Sunday, three weeks into the crisis caused by Wisconsin Gov. Scott Walker's proposed "budget repair bill" and now his equally radical biennial budget, I took the day off. Or tried to.
I settled down in the late afternoon and resumed reading the biography of Abraham Lincoln by David Herbert Donald (it's called Lincoln, published in 1995) that I had started just before this mess broke out in fact, on Lincoln's birthday, Feb. 12.
Several years ago my wife and I spent a couple of days in Springfield, Illinois, taking in the Lincoln sites: His home, the original Springfield Capitol building, his tomb. I was especially moved by the Lincoln museum, where the sense of Lincoln as a man of great character and principle is almost overwhelming.

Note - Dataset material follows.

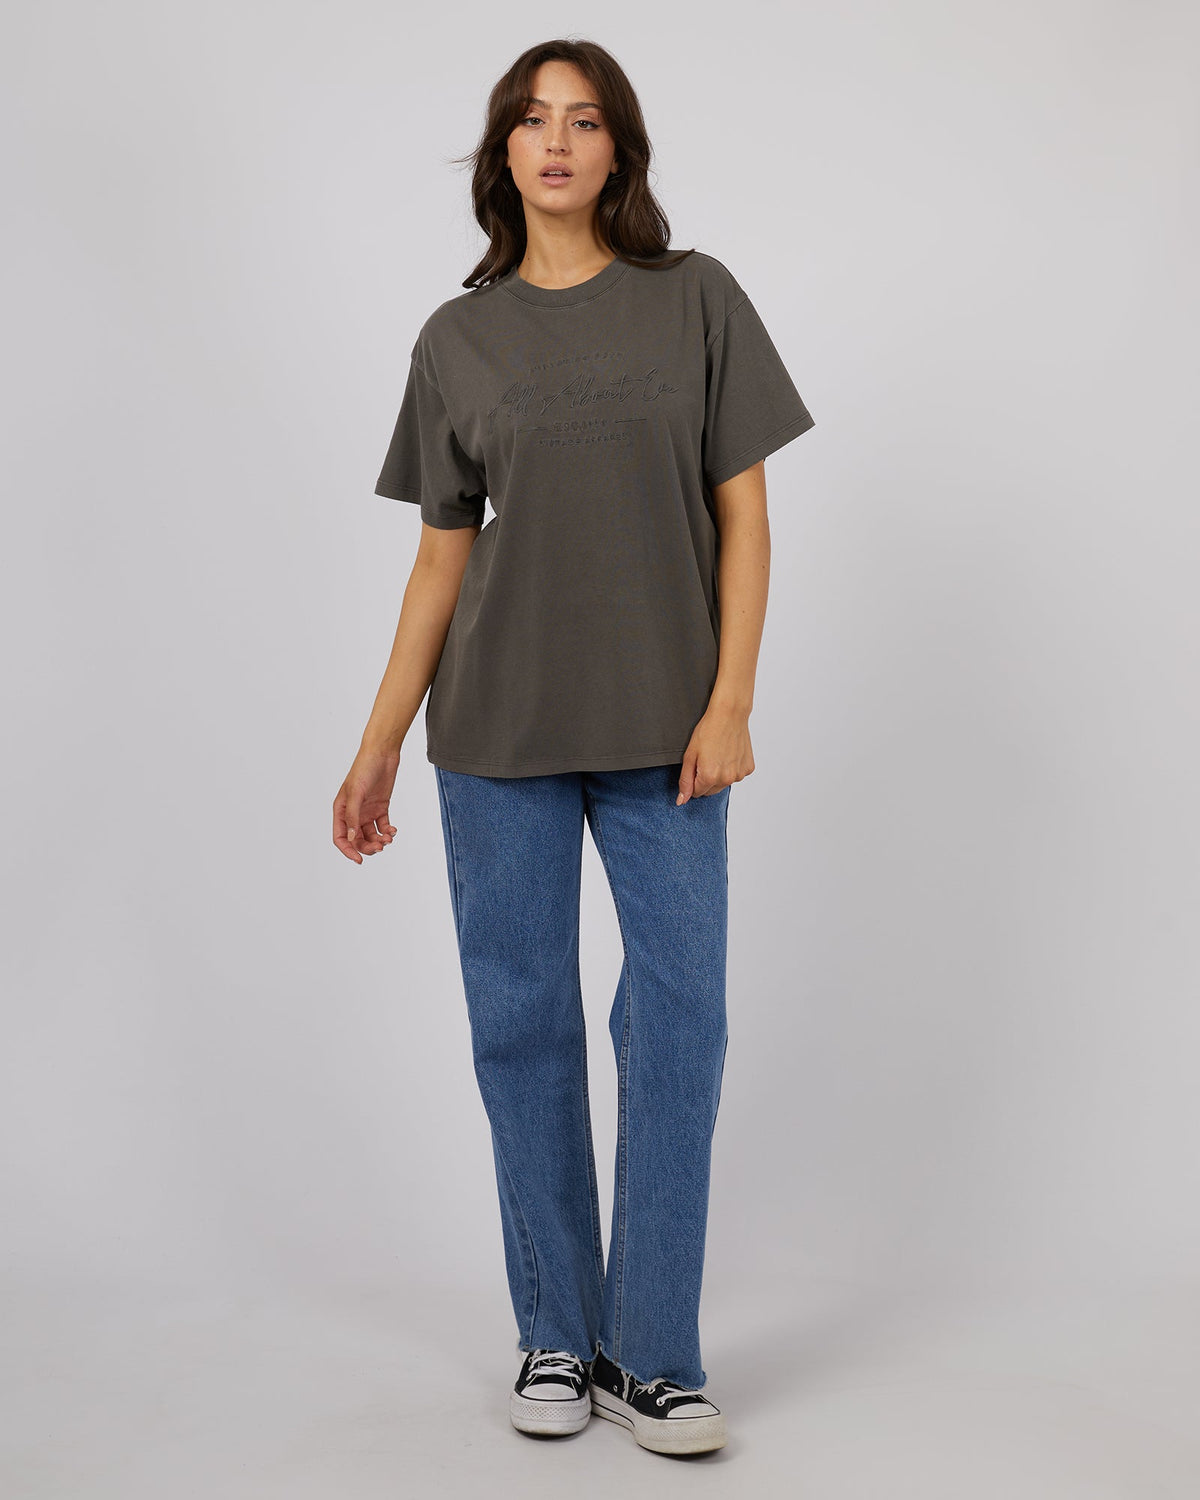 All About Eve-Classic Tee Charcoal-Edge Clothing

Then, last summer, we visited Lincoln's boyhood home in Indiana, as part of our travels in that state. We stayed at a state park with a Lincoln memorial and toured the site of his family's farm. There was also another museum, and again the sense of Lincoln's greatness left me moved.
I was telling this to a friend not long ago, and he urged me to read Donald's biography, a 700-page tome, so I bought the book. I got to P. 74 on that first weekend, Feb. 12 and 13. Then All Hell broke loose in Wisconsin, and I put it aside.
Sunday I began reading again ... for about five minutes. That's when I saw it.
At this point in the narrative, Lincoln is a respected member of the state legislature, working as a lawyer on the side. He was then still a member of the Whig party, before he became a Republican. Lincoln liked the idea of a national bank, Donald relates, but when President Andrew Jackson destroyed the Bank of the United States, Lincoln became a big booster of Illinois' State Bank, which had its main branch in Springfield.
The Democrats of Illinois, then the majority party, launched an investigation into this bank, with the goal of killing it. Lincoln managed to get himself appointed to the committee charged with this task, and was able to prevent this from happening.
On P. 77, the narrative picks up from here:
"The fate of the bank remained in doubt, as Democrats, opposed to all banks on principle and especially hostile to this Whiggish bank in Springfield, mounted campaign after campaign for its destruction. ... Nevertheless, [Lincoln] persisted, and in December 1840 he demonstrated the extent of his devotion to the bank in an episode that became celebrated as what he called 'that jumping scrape.'
"The bank had been authorized to continue its suspension of specie payments only until the end of the legislative session, which was scheduled for the first week in December. Knowing that the bank would immediately be bankrupt if forced to pay our specie, Lincoln and his fellow Whigs hoped to prevent the adjournment of the Legislature, now holding its first session in the newly completed capitol at Springfield. Of course, Democrats, who wanted to kill the bank, favored adjournment.
"The only way Whigs could keep the legislature in session was by absenting themselves, so that there was no quorum. They left Lincoln, together with one or two of his trusted lieutenants, to watch the proceedings and to demand roll calls when the Democrats tried to adjourn. The session dragged on into the evening, and candles had to be brought in. Several Democrats rose from their sickbeds to help form a quorum. Rattled, Lincoln and his aides lost their heads and voted on the next roll call. Then, still hoping to block adjournment, they unsuccessfully tried to get out of the locked door. When the sergeant at arms rebuffed them, they jumped out the second-story window.
"Their effort was in vain, because the speaker recorded them as present and voting, and, with the quorum assured, the house adjourned and the bank was killed. The whole affair became the subject of much amusement among the Democrats, who ridiculed 'Mr. Lincoln and his flying brethren' and noted that his celebrated leap caused him no harm because 'his legs reached nearly from the window to the ground!'"
As Scott Walker and the Republicans berate the 14 Senate Democrats who left the state to prevent them from taking actions the Democrats find repugnant, perhaps they should reflect on how this follows an example set by Honest Abe - a man so eager to avoid letting his rivals have a quorum to do what he felt was the wrong thing he jumped from a second-story window.